I have what I am sure is a trivial question, but I can't seem to answer it for myself.
In model theory, there is a theorem of Hrushovski which shows that if T is a totally categorical theory (i.e., T is complete and has exactly one model of each infinite cardinality up to isomorphism), then (i) T is not finitely axiomatizable, but (ii) T is finitely axiomatizable modulo infinity; that is, there is some sentence p such that T is precisely the set of sentences true in every infinite model of p.
My question is to what extent the converse holds. That is, let T be a (EDIT: complete) theory which is finitely axiomatizable modulo infinity, but which is not finitely axiomatizable. Then is T necessarily totally categorical, and if not, what sort of assumptions on T are enough to ensure total categoricity?
(The assumption that T is not actually finitely axiomatizable is clearly necessary: otherwise, take the theory DLO of dense linear orders without endpoints, which is countable categorical but not uncountable categorical.)
Assuming that your logic includes equality, the answer to the first part of the question is "no".
For a counterexample, let $T$ be the theory with axioms $$(\exists x_1)(\exists x_2)\cdots(\exists x_n) \bigwedge_{1\le i<j\le n} x_i\ne x_j$$ for all integers $n\ge 2$. Then the models of $T$ are exactly all infinite interpretations of its language.
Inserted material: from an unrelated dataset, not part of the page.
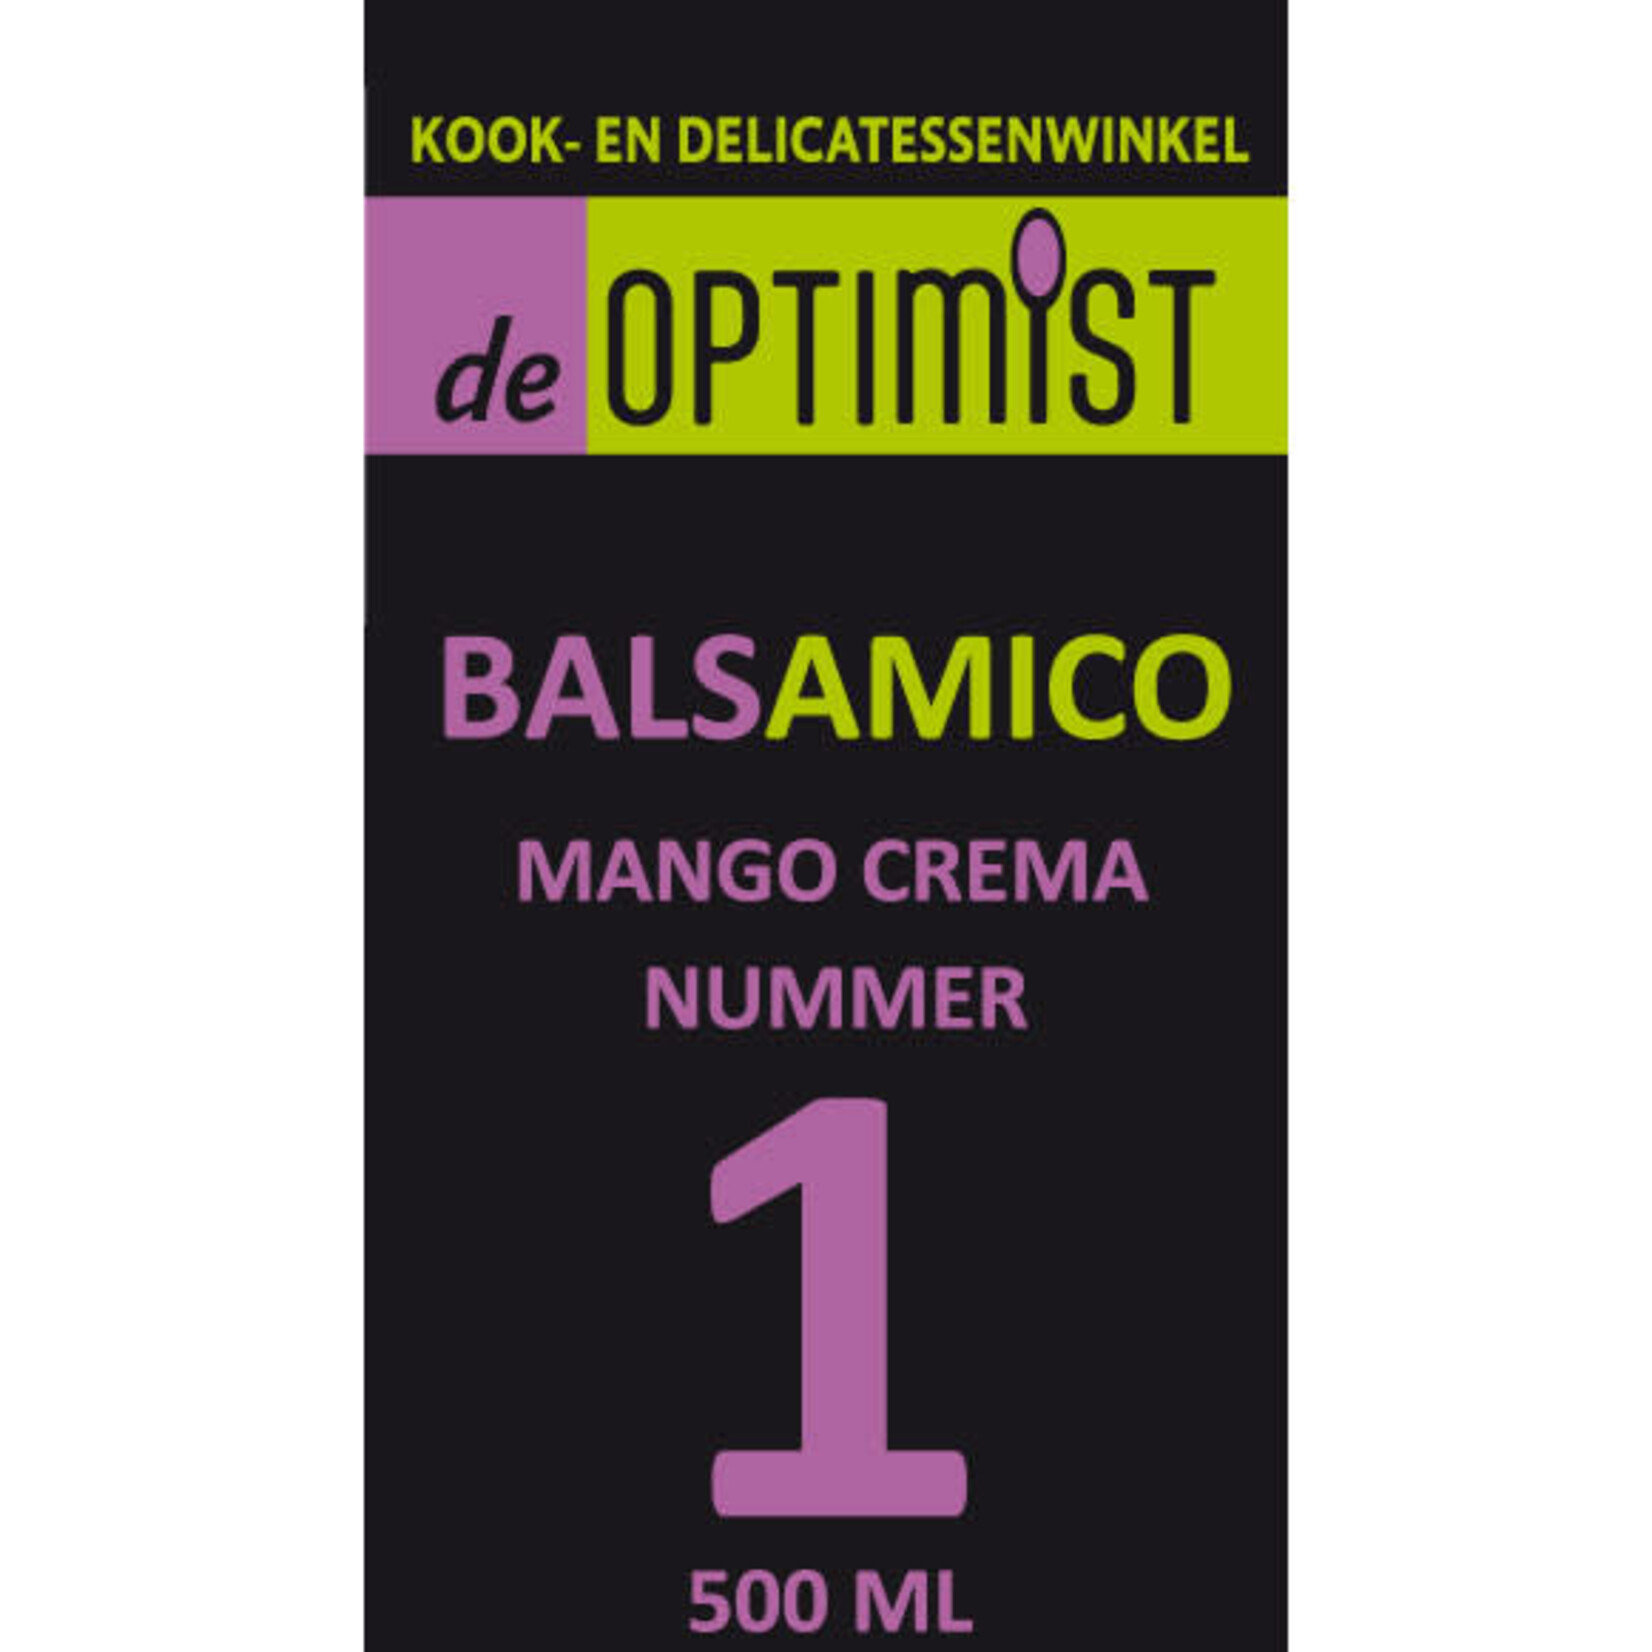 DE OPTIMIST DE OPTIMIST BALSAMICO NUMMER 1

This is not finitely axiomatizable, because in the pure predicate calculus with equality, any sentence with an infinite model also has finite models.
However, $T$ is finitely axiomatizable modulo infinity (you can take $p$ to be any propositional tautology, for example), and -- provided we add some relation apart from equality to its vocabulary -- it is obviously very far from from categorical; so far that it seems doubtful that there is any natural way to extend your condition to a sufficient one, without the additional conditions being sufficient in themselves.